- [Stored data]:
>>

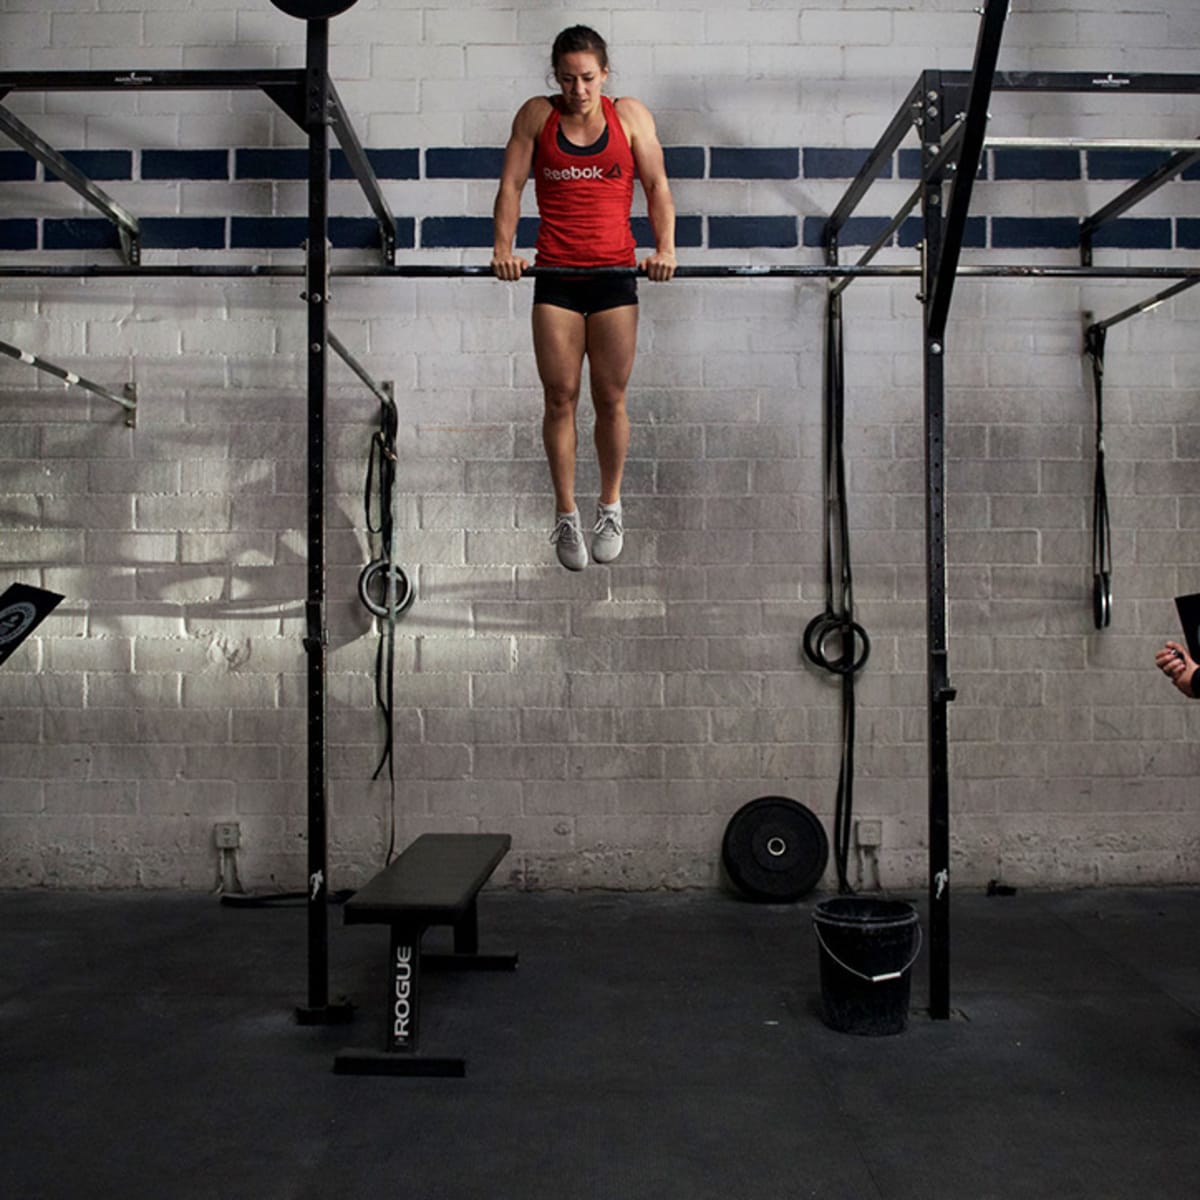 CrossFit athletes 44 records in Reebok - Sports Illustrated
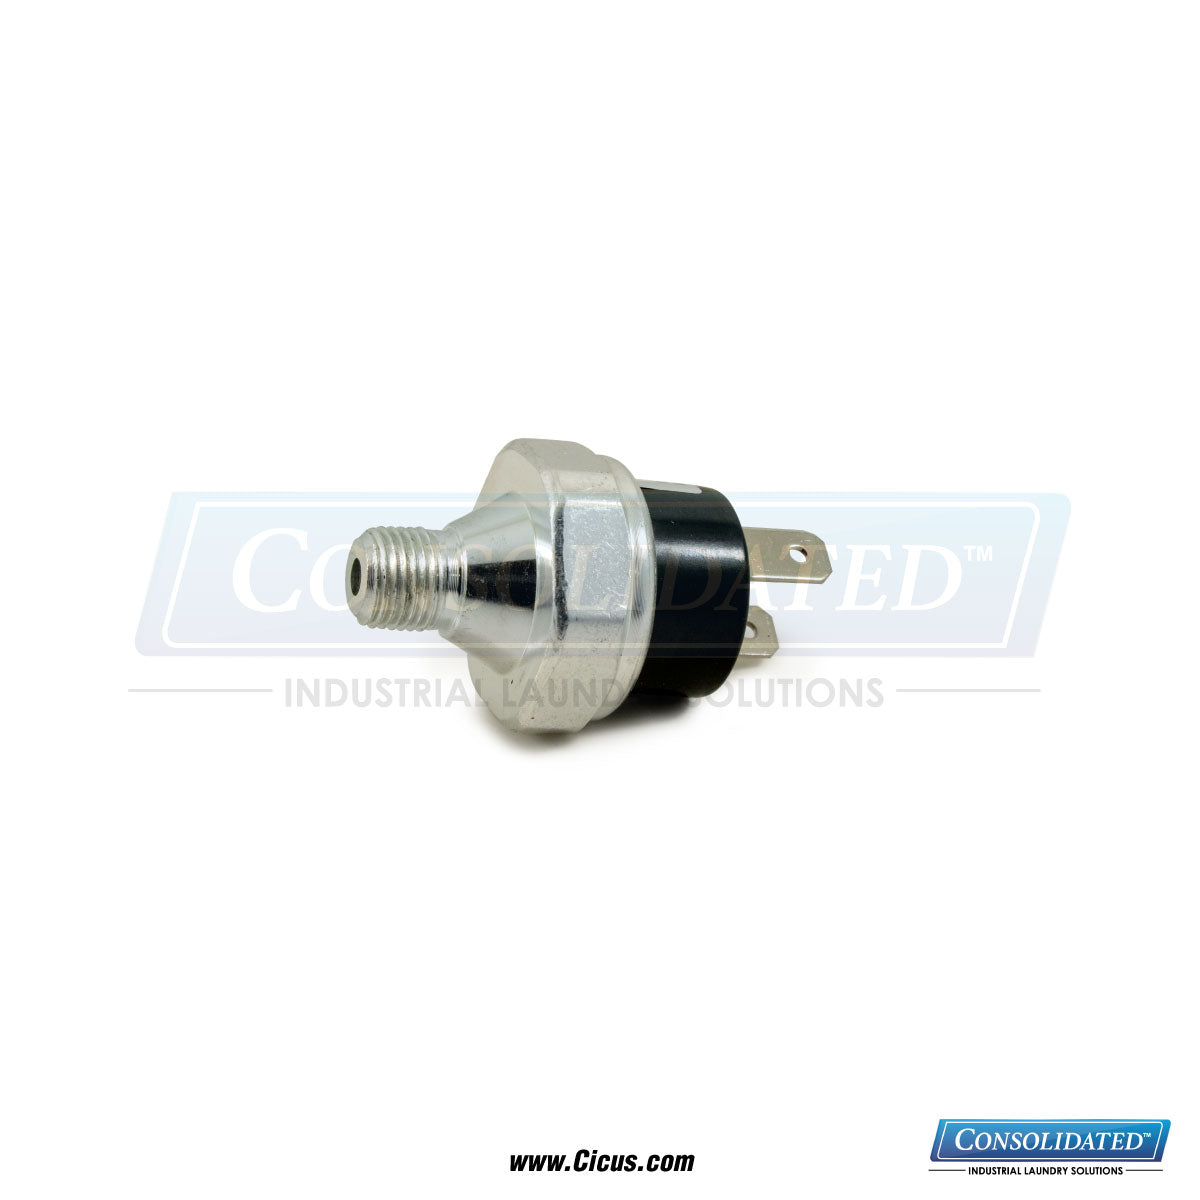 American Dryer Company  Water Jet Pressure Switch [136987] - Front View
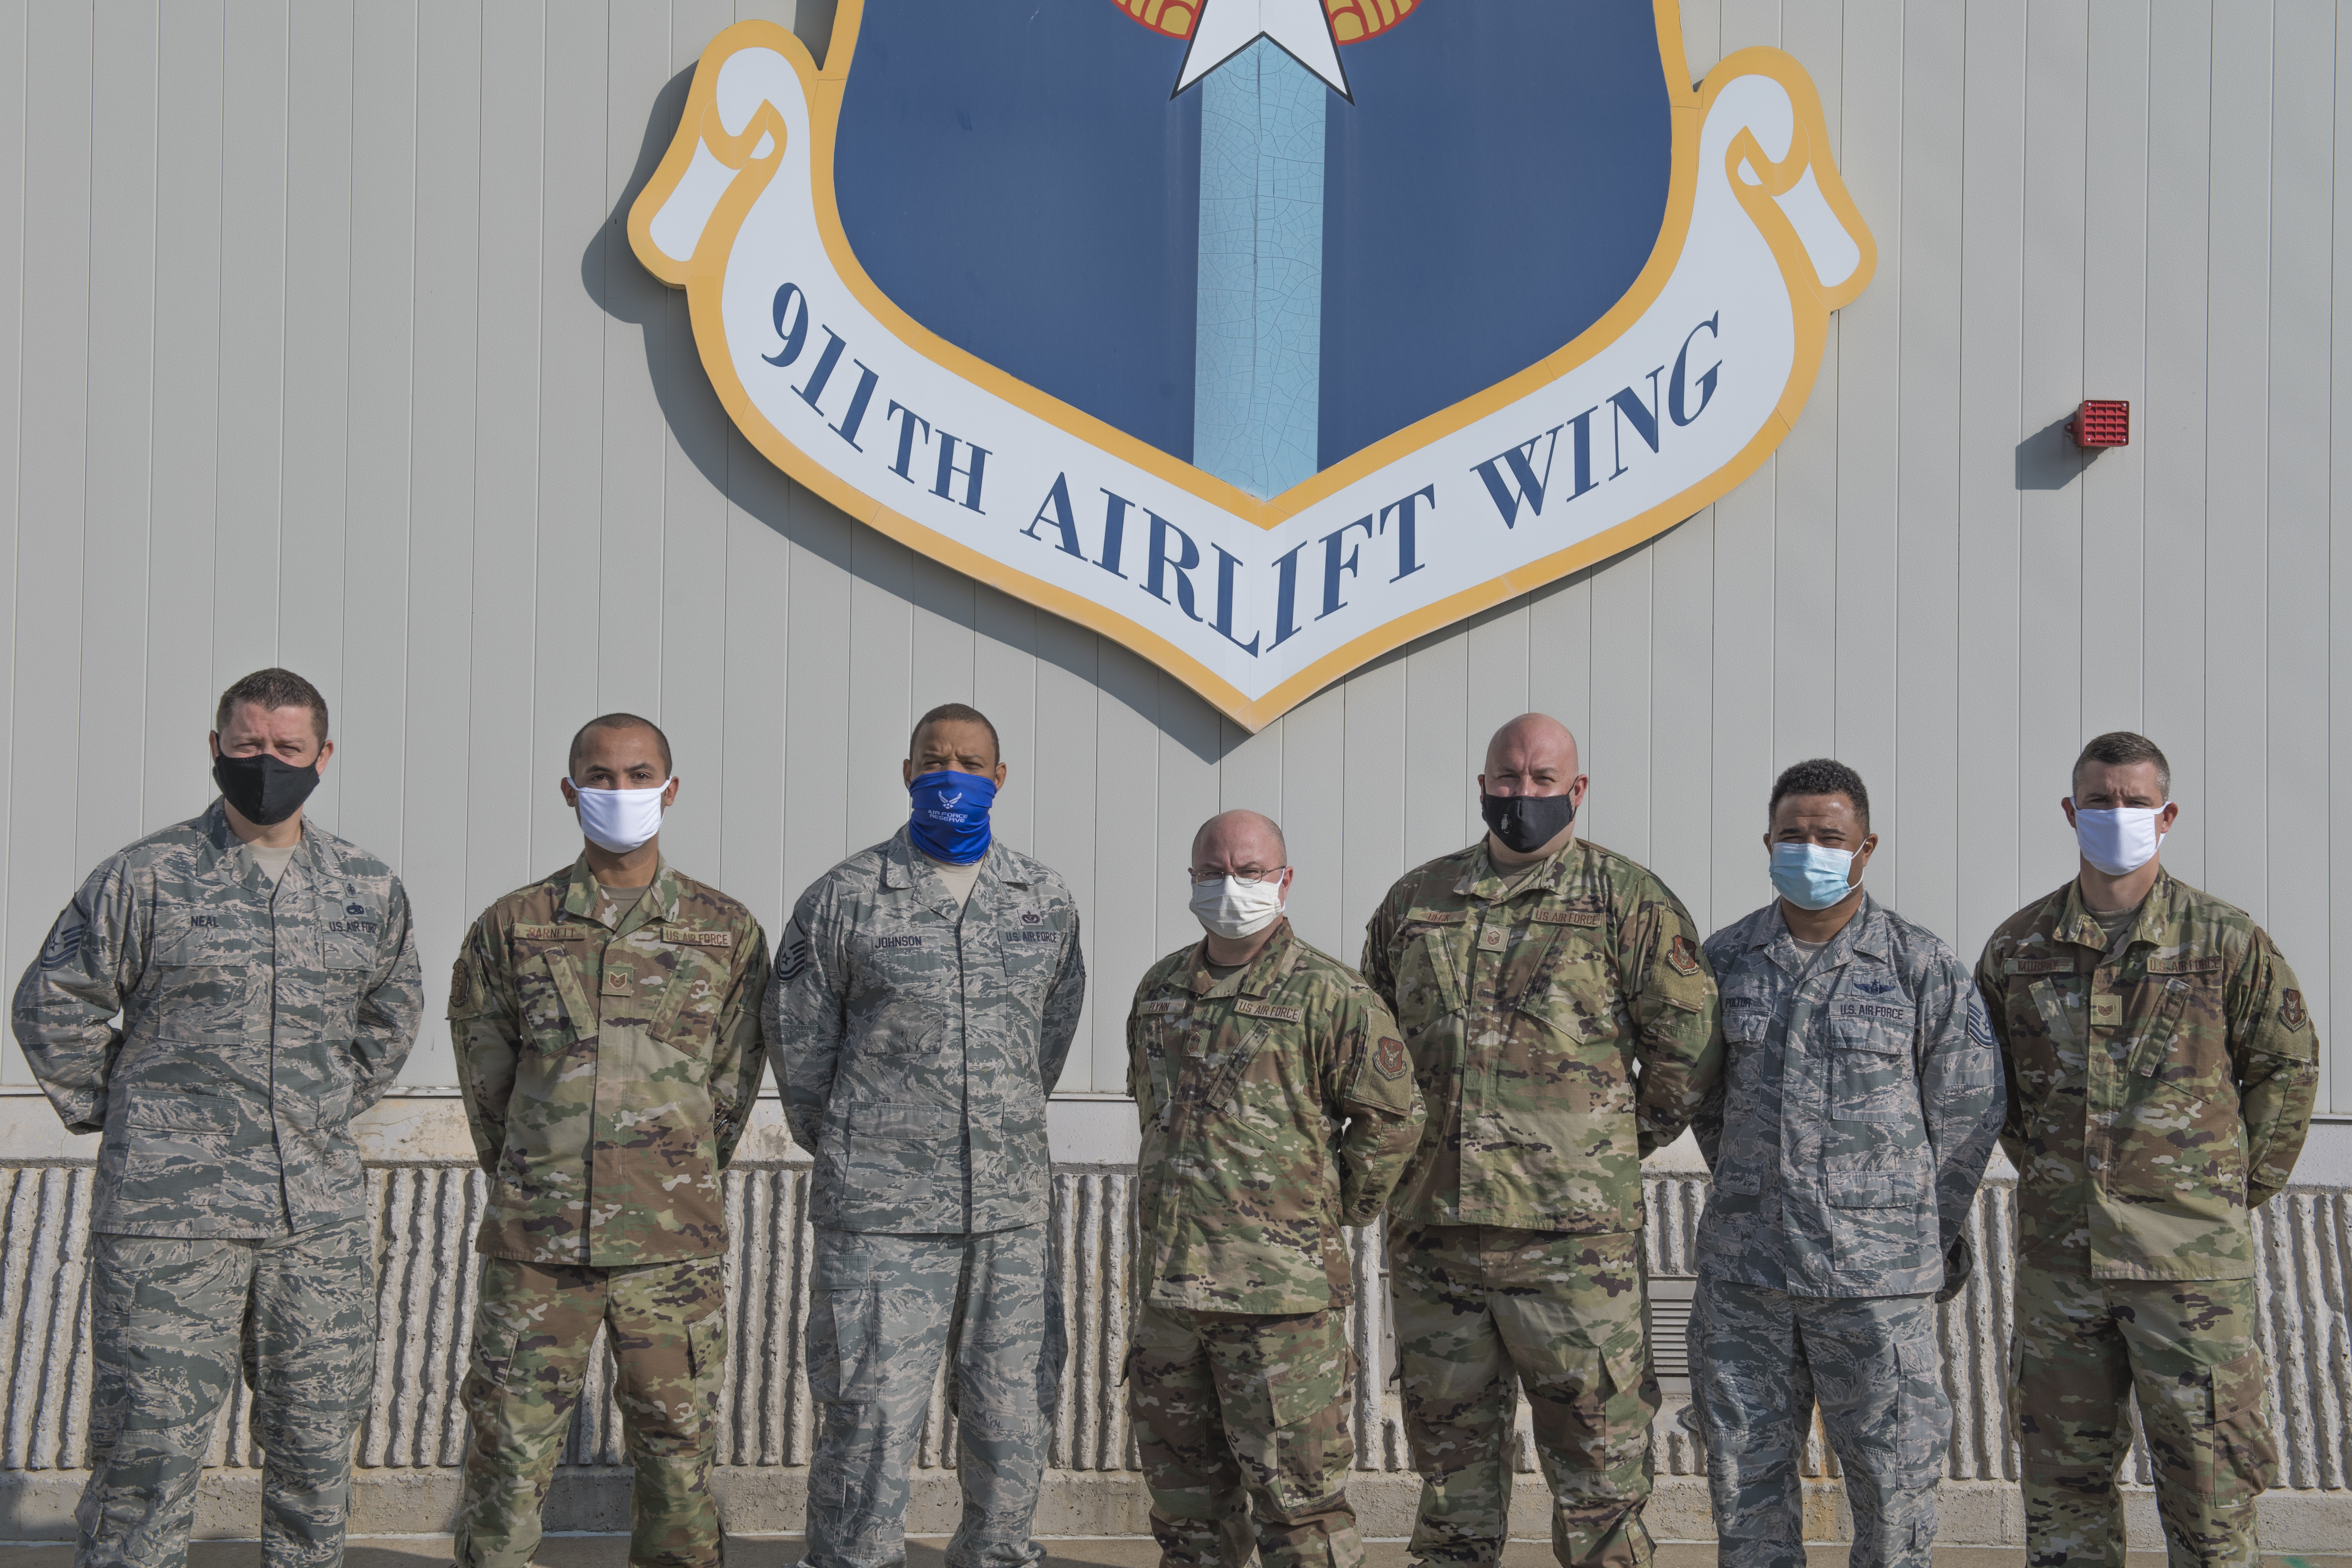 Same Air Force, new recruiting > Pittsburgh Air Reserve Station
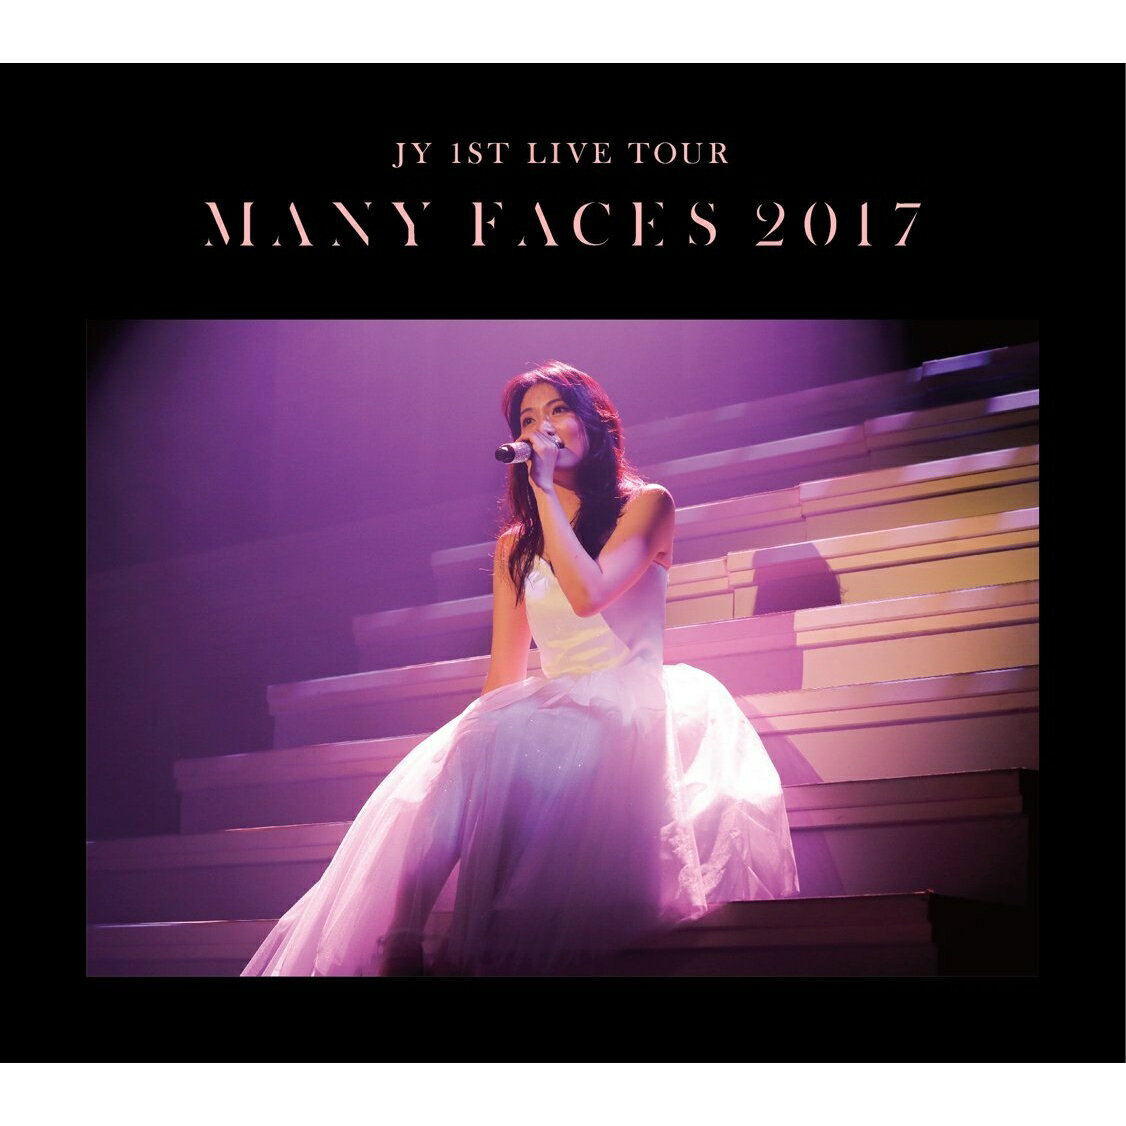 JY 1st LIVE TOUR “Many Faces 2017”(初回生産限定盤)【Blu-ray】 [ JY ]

<<

Starting at the line that contains "Same Air Force, new" and ending with the last line of the data, transcribe every line exactly; skip the pictures.

 Same Air Force, new recruiting > Pittsburgh Air Reserve Station
 JY 1st LIVE TOUR “Many Faces 2017”(初回生産限定盤)【Blu-ray】 [ JY ]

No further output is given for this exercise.